Zonal Statistics Insights¶
If the relationship between median income and LST is to be assessed numerically we must carefully consider the implications of using each descriptive zonal statistic. Recalling that each $90m^2$ pixel value represents the average LST of a $1000m^2$ area. The mean LST describes the average LST of a neighbourhood; averages tend to be sensitive to outliers. In this case an outlier could be a water body or factory pixel. The LST median describes the middle $1000m^2$ average LST in a neighbourhood. The LST mode describes the most common $1000m^2$ average LST in a neighbourhood i.e. what is the average LST of the majority of the area of the neighbourhood. The max LST refers to the hottest $1000m^2$ area in a neighbourhood and the min LST refers to the coolest.
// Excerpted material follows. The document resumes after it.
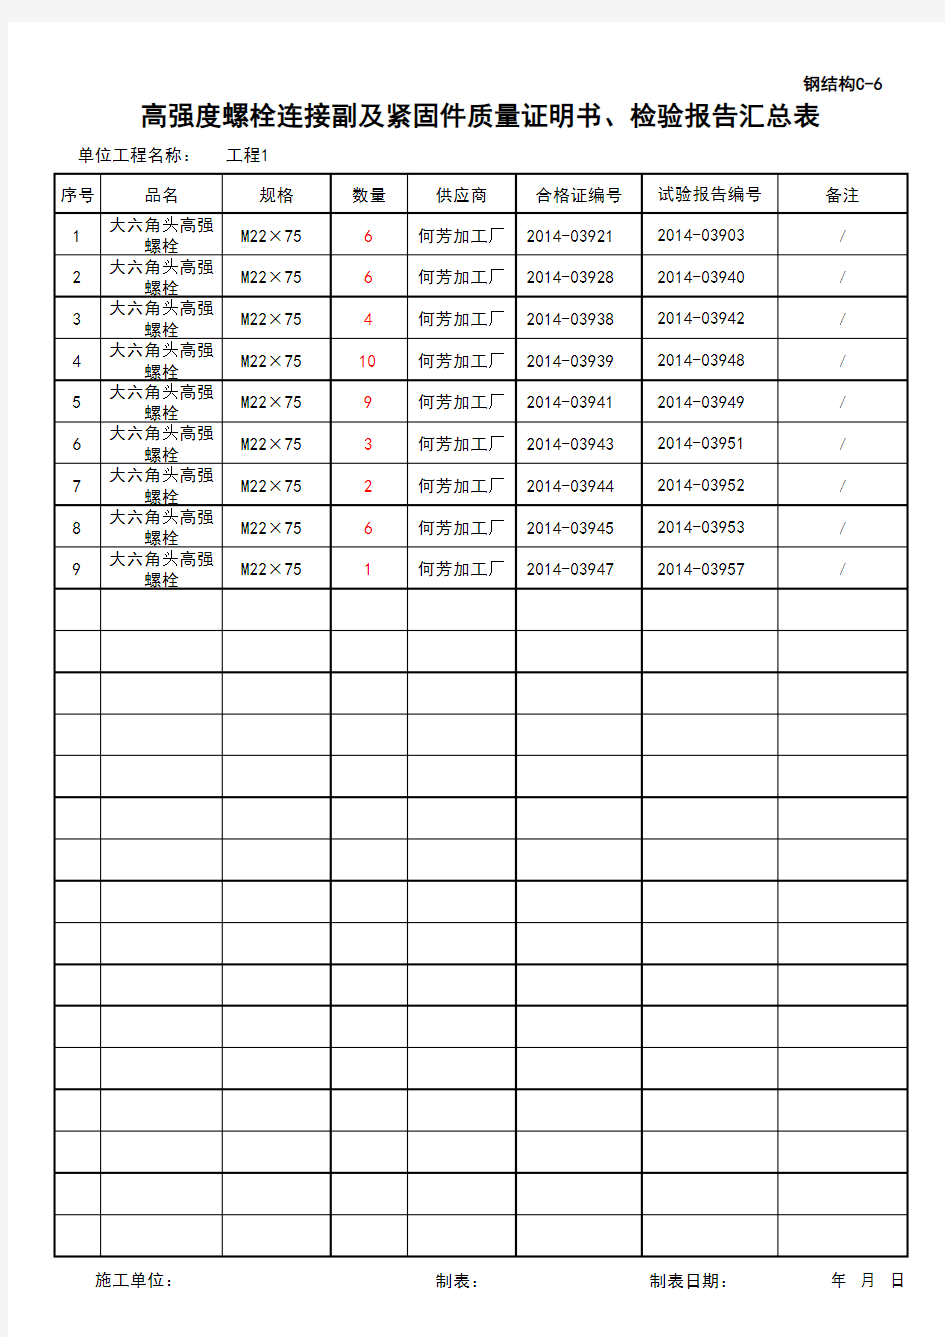 (上海市新版)高强度螺栓连接副及紧固件质量证明书、检验报告汇总表

While Max LST is of interest the $1000m^2$ average LST is likely not a valid descriptor of an entire neighbourhood given their geographic scale. By the same logic neither is min LST.
Note, this dataset has one extreme outlier: the St Lawrence-East Bayfront-The Islands area. This area is predominantly water, as such, it has a very low LST and NDVI.
Formulation of Hypothesis¶
To assess if there is a statistically significant correlation between median income and LST the main hypothesis will be broken down into sub-hypotheses for each of the appropriate zonal statistics.
Main Hypothesis¶
$H_0:$ There is no negative correlation between median income and LST in the City of Toronto.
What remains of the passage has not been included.